Horizontal distance traveled by a projectile fired from the ground can be modeled by $\displaystyle d = \frac {v_0^2\sin{2\theta}}{g}$, where $\displaystyle v_0$ is the initial velocity, $\displaystyle \theta$ is the launch angle in degrees, and "g" is acceleration due to gravity. (This model neglects air resistance and assumes a flat surface.)

a) A baseball is hit at an initial height of 5.5 feet with initial velocity of 95 ft/s at 42 degrees to the ground. Will the ball clear a 5 ft fence 310 feet from home plate?

I used a calculator to solve this one.
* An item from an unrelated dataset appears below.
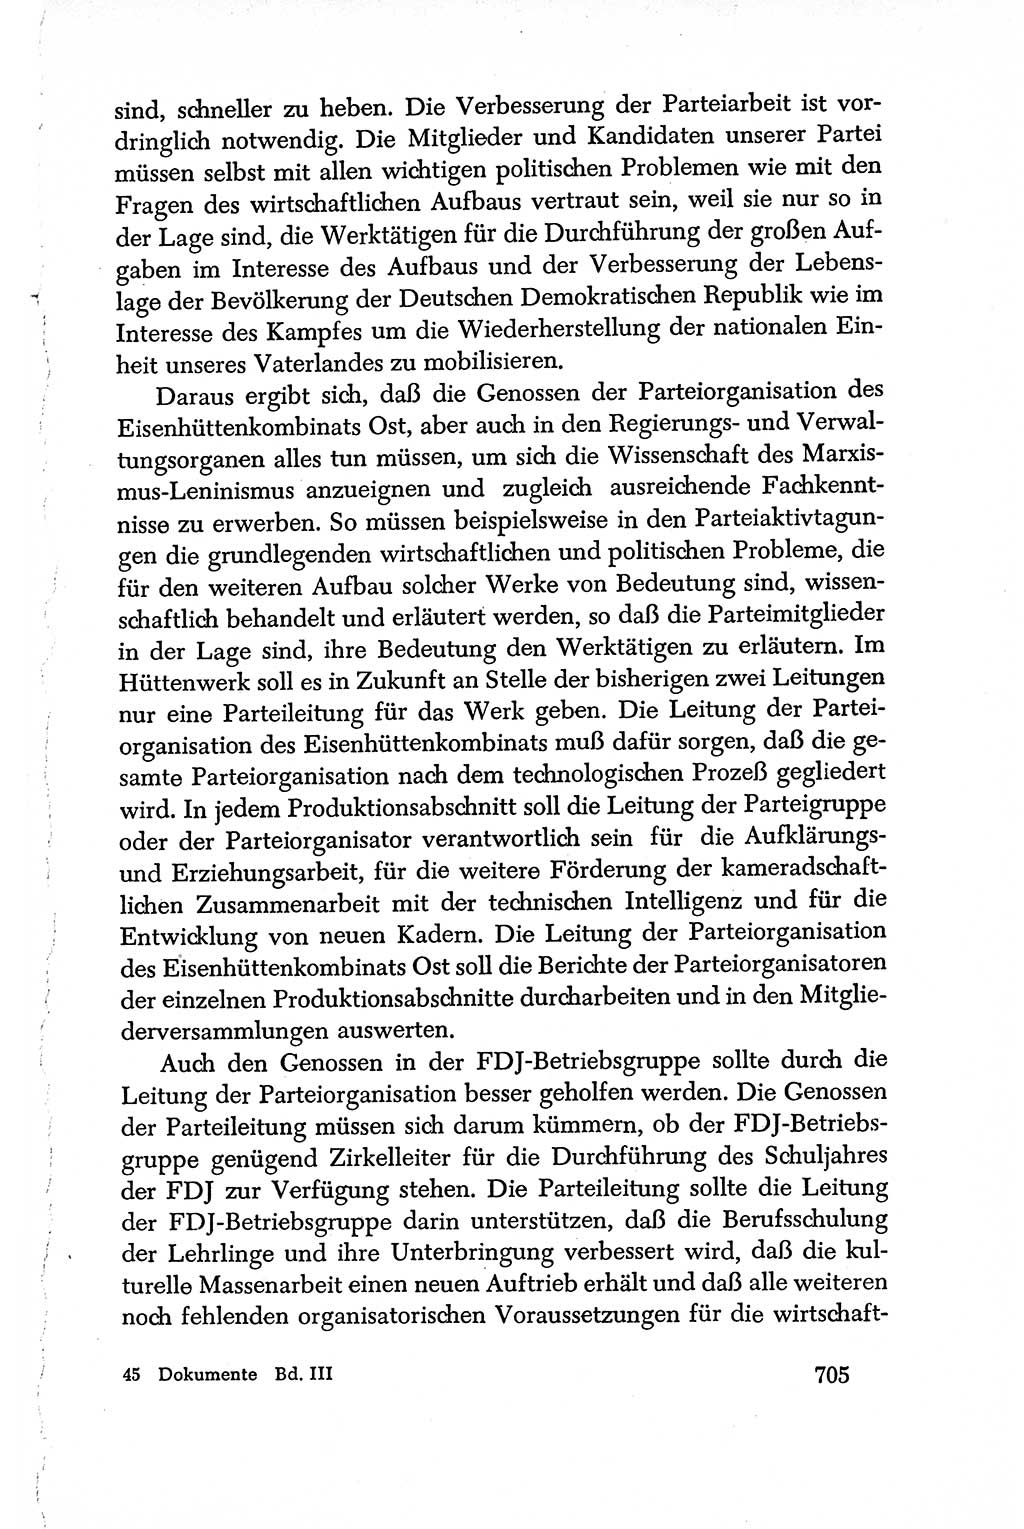 Dokumente der Sozialistischen Einheitspartei Deutschlands (SED) [Deutsche Demokratische Republik (DDR)] 1950-1952, Seite 705 (Dok. SED DDR 1950-1952, S. 705)

I plugged in$\displaystyle y = \frac {95^2\sin{2x}}{9.8} +5.5$and find that when "x" is 42, the value of "y" is 921.3735. Since the "y" value is horizontal distance,the distance from home plate is 921.3735. My question is how do I know that the ball cleared the5 ft fence 310 ft away from home plate, since the "y" value is only the horizontal distance and not vertical distance?

b) What angle will maximize the horizontal distance traveled and why?

I find out that the angle that will maximize horizontal distance is 45 degrees, which is true in physics from what I've learned. At 45 degrees the baseballl will travel 926.42 feet. My question is why is 45 the angle that maximizes horizontal distance?

c) Will the ball clear the fence if it at the angle from part (b) above?

Just like in part (a),how do I know that the ball cleared the5 ft fence 310 ft away from home plate? I know it traveled926.42 feet horizontally, but I don't know if it cleared the 5 foot fence.